In the retelling of this story, another writer commented something like this, “If you weren’t so top-heavy, you would have stayed upright instead of falling over and then the hunky EMTs wouldn’t have had to show up.” My funny title sprang to mind and the rest is history—or at least a contemporary romantic comedy that opened the door to my wonderful erotic romance publisher Ellora’s Cave. The book Strange Neighbors started with a title too and introduced me to my mainstream, mass market publisher Sourcebooks. That deal helped me land a NY agent.

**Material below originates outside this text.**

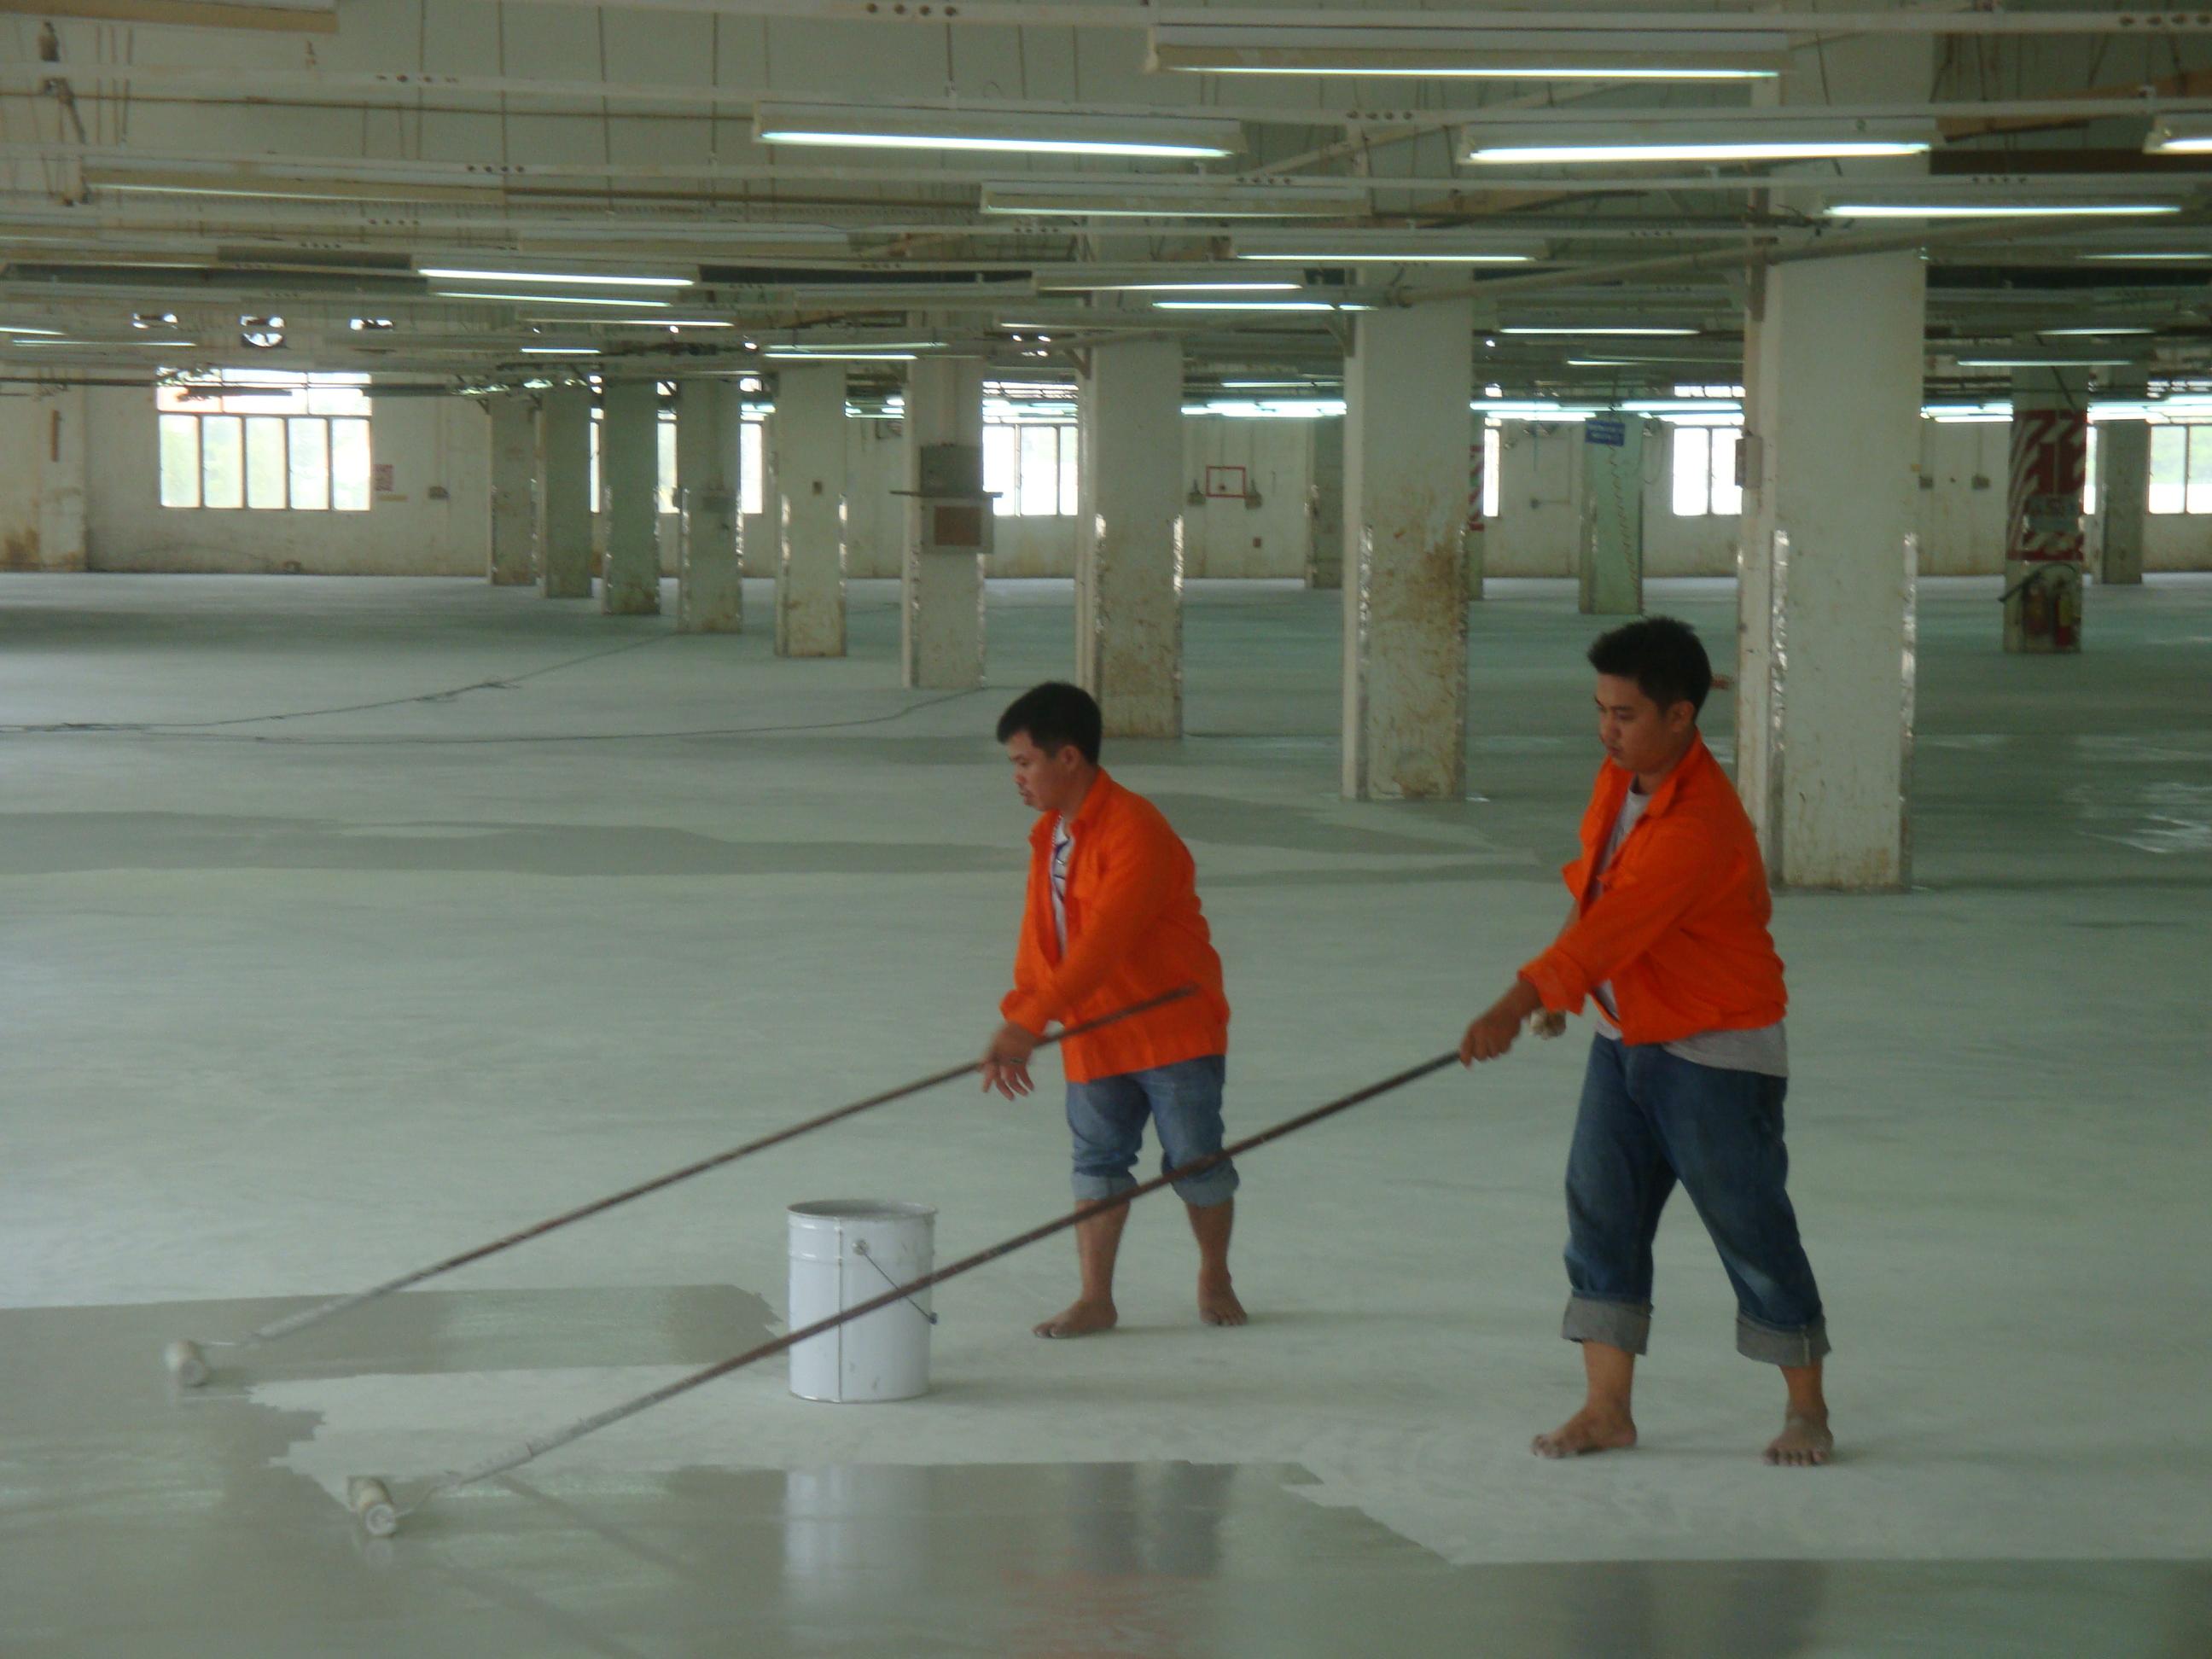 thi-cong-lan-san-nuoc-cho-san-be-tong-uot

I whole-heartedly recommend keeping an ideas folder. It’s worth the risk of posthumous embarrassment. Of course, I may not have to worry since anyone who reads my books knows I think “differently.” Consider the fact that I wrote a sequel to Heaving Bosoms called Quivering Thighs. Also, Being Randy, Wonder Witch, Demolishing Mr. Perfect, Love Cuffs, Vampire Vintage, Djinn and Tonic, Death by Delilah, Giggles by Gabby and Dear Sexy Lexie. My most recent release was Strokes.
See my website for summaries of these wildly titled stories.
Oh, and how do I answer that question when I’m asked in interviews, “Where do your funny original ideas come from?” I blame it on Thalia, the muse of comedy.